### EXERCISE OBJECTIVE
In the copy, include all of the listing exactly and none of its pictures.

### GIVEN INFORMATION
*** Begin section ***
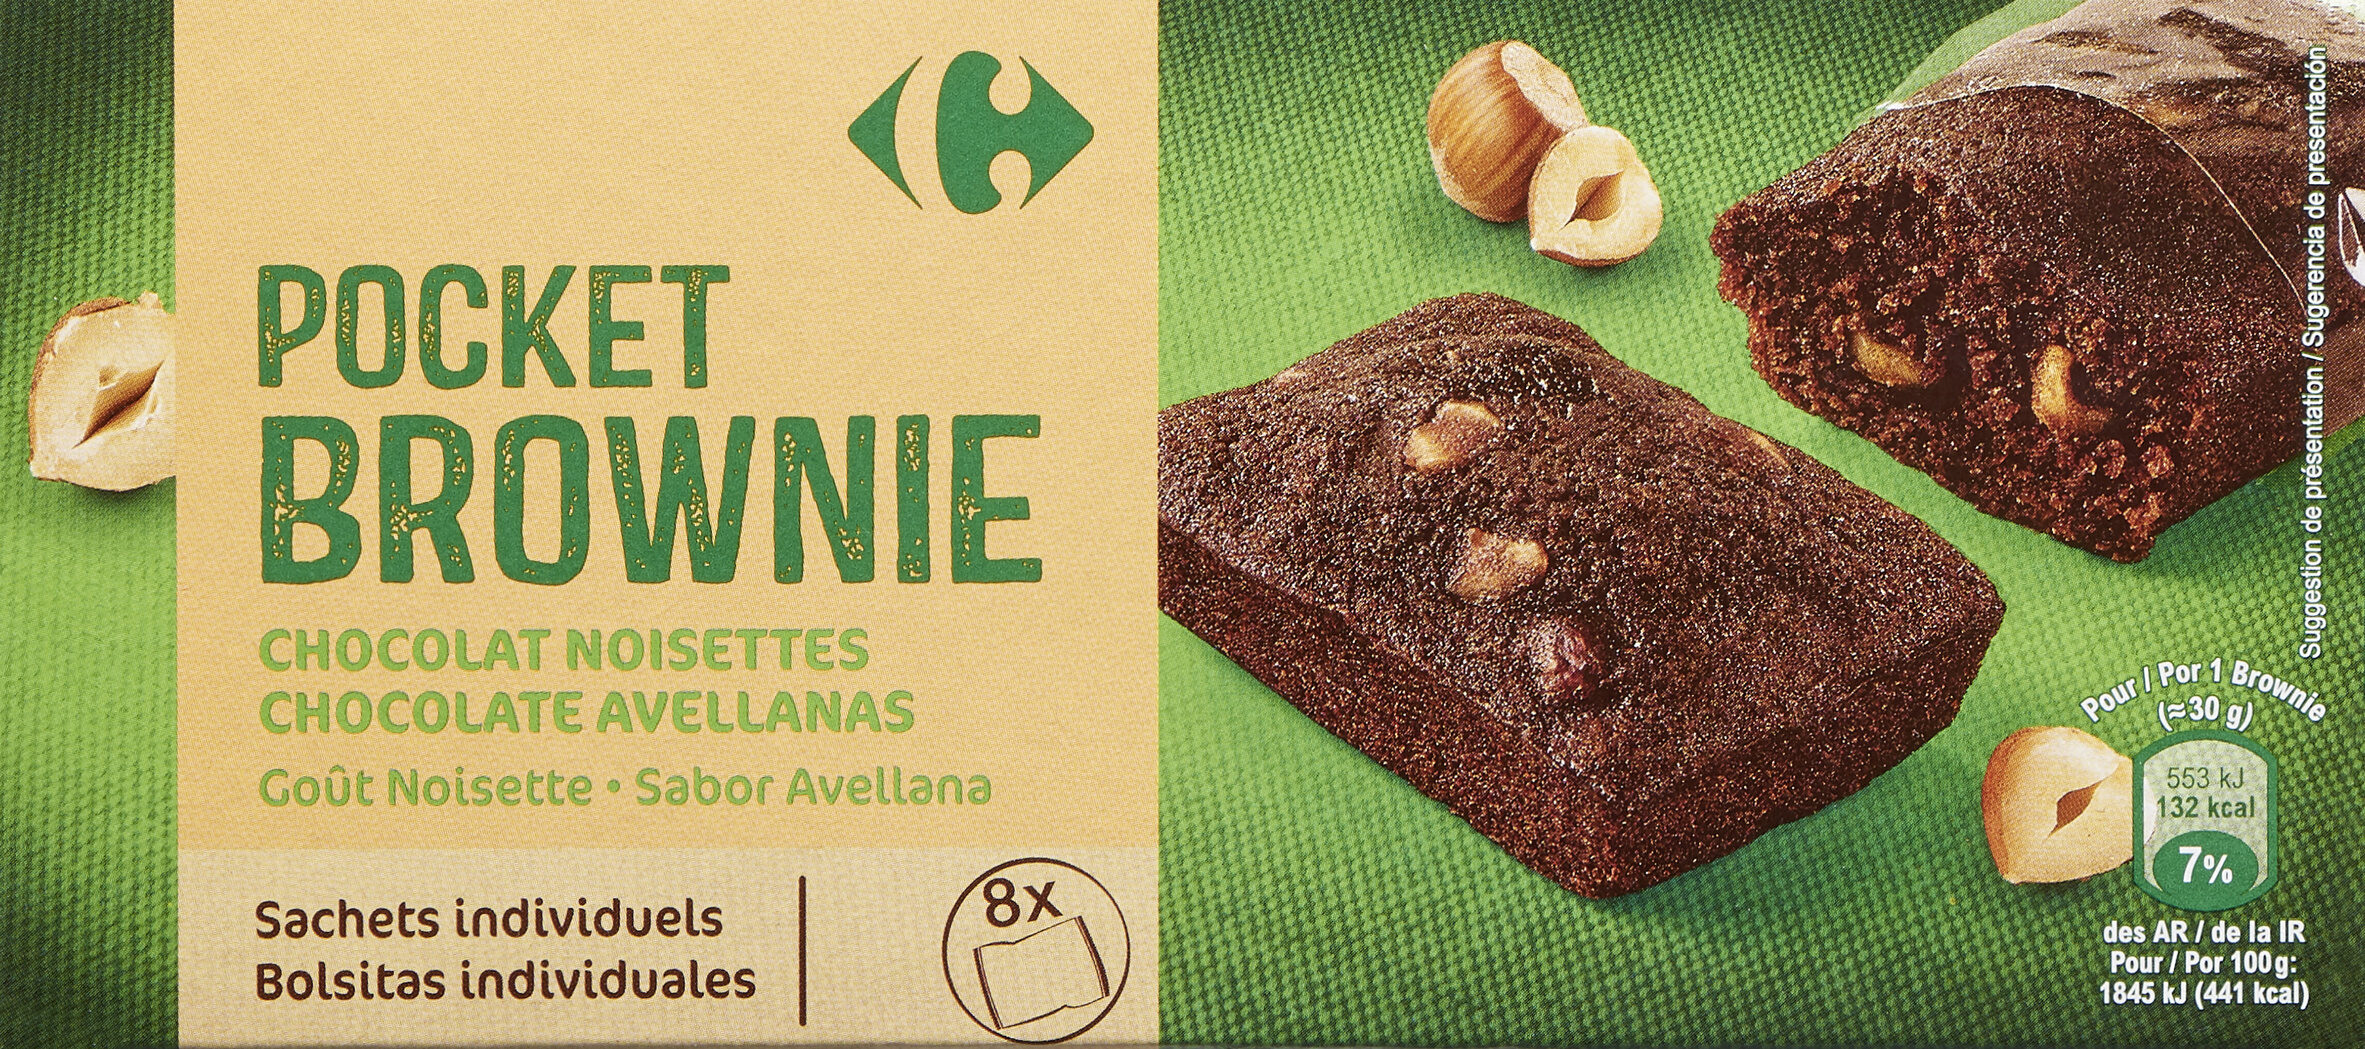 Brownie pocket chocolat et noisettes - Produit - fr
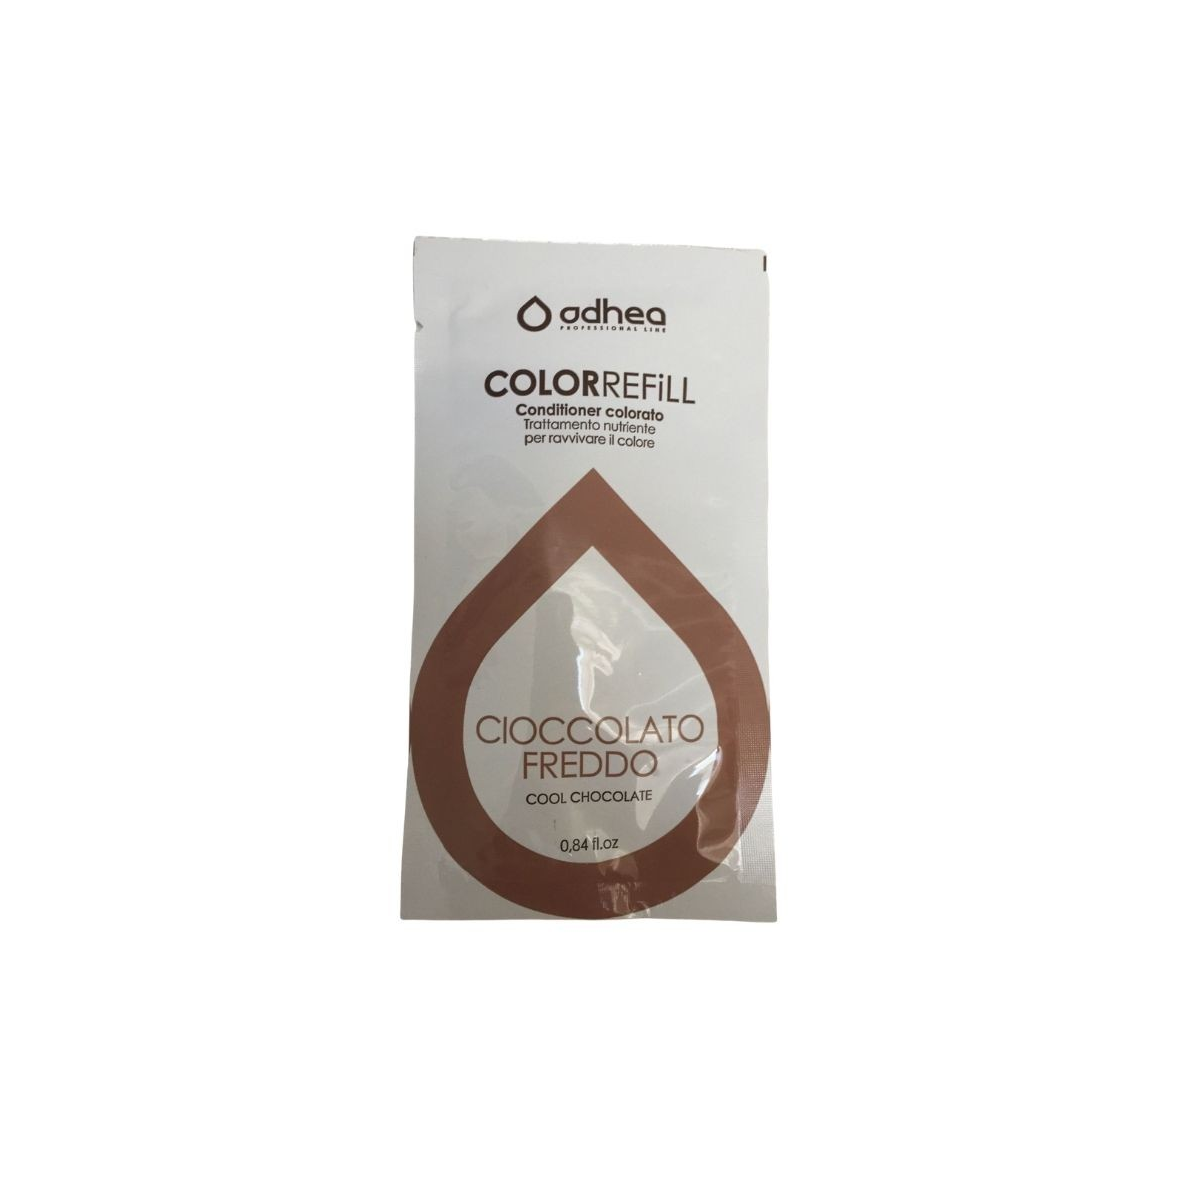 ODHEA - COLOR REFILL CIOCCOLATO FREDDO (25ml) Conditioner colorato
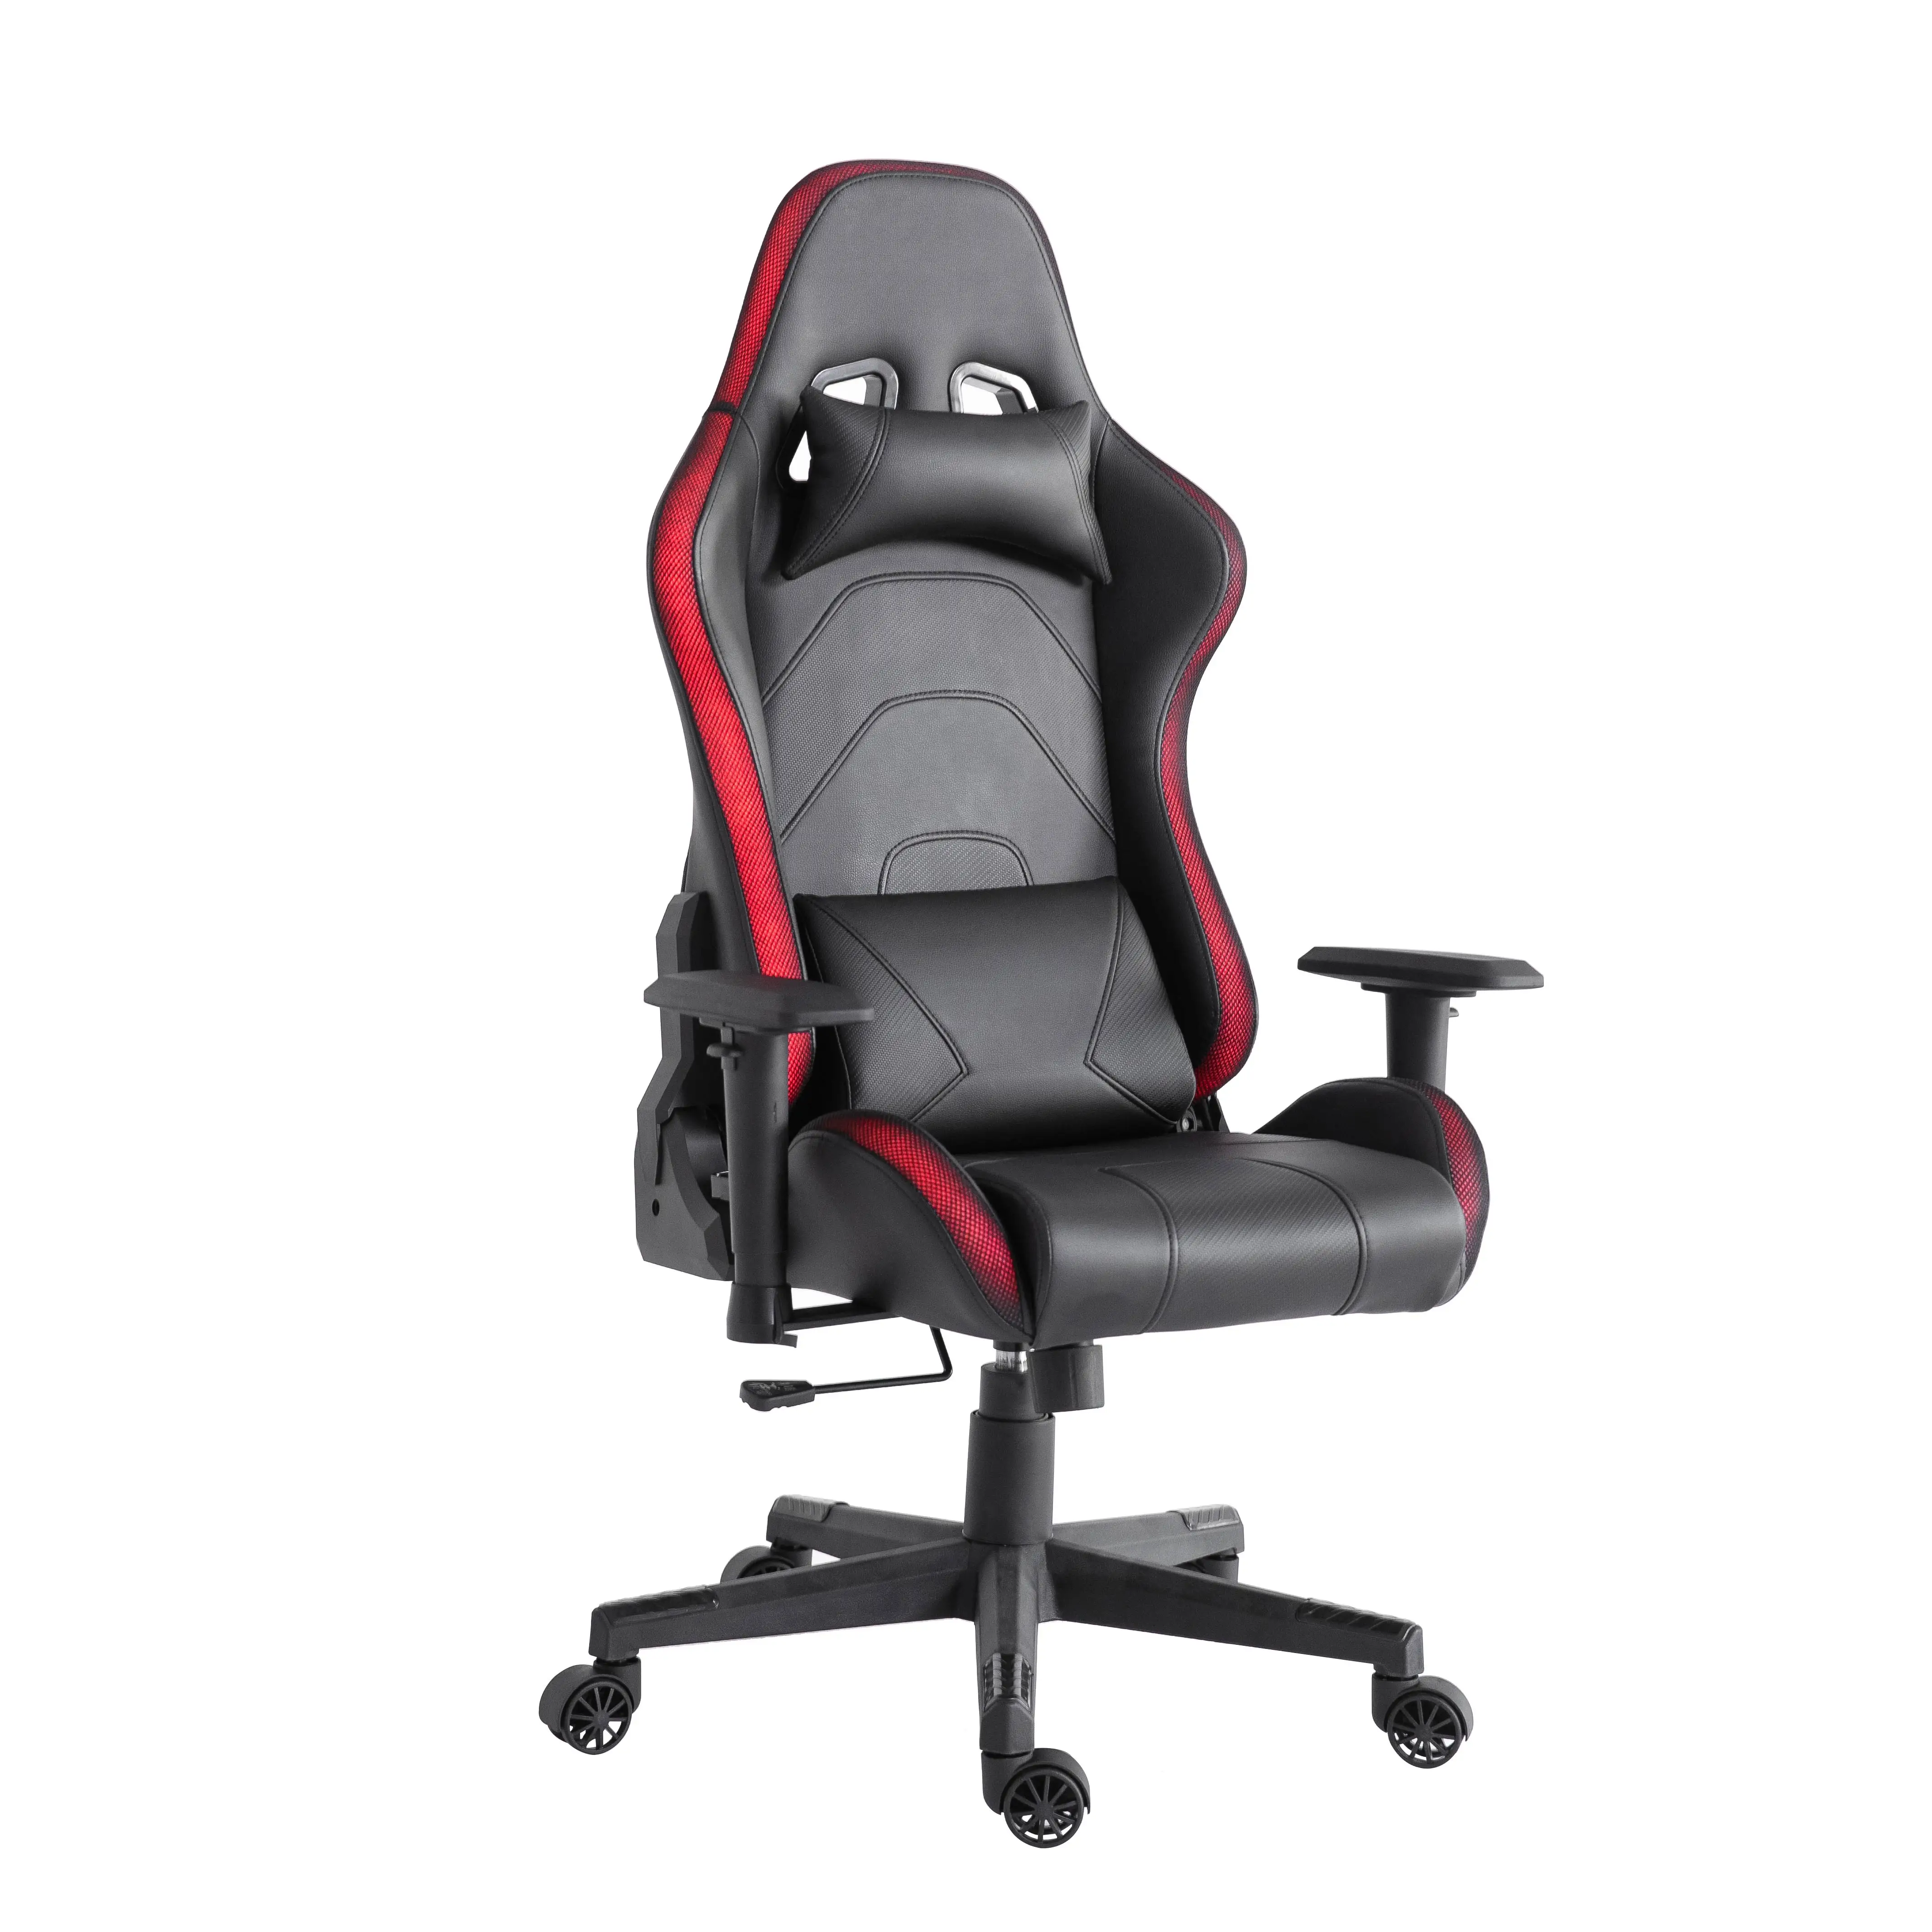 Новинка 2021, вращающийся стул, Офисный Компьютерный кожаный игровой стул со светодиодной подсветкой RGB, вращающийся игровой стул
*** End section ***
### OUTPUT OF THE TASK
 Brownie pocket chocolat et noisettes - Produit - fr
 ODHEA - COLOR REFILL CIOCCOLATO FREDDO (25ml) Conditioner colorato
 Новинка 2021, вращающийся стул, Офисный Компьютерный кожаный игровой стул со светодиодной подсветкой RGB, вращающийся игровой стул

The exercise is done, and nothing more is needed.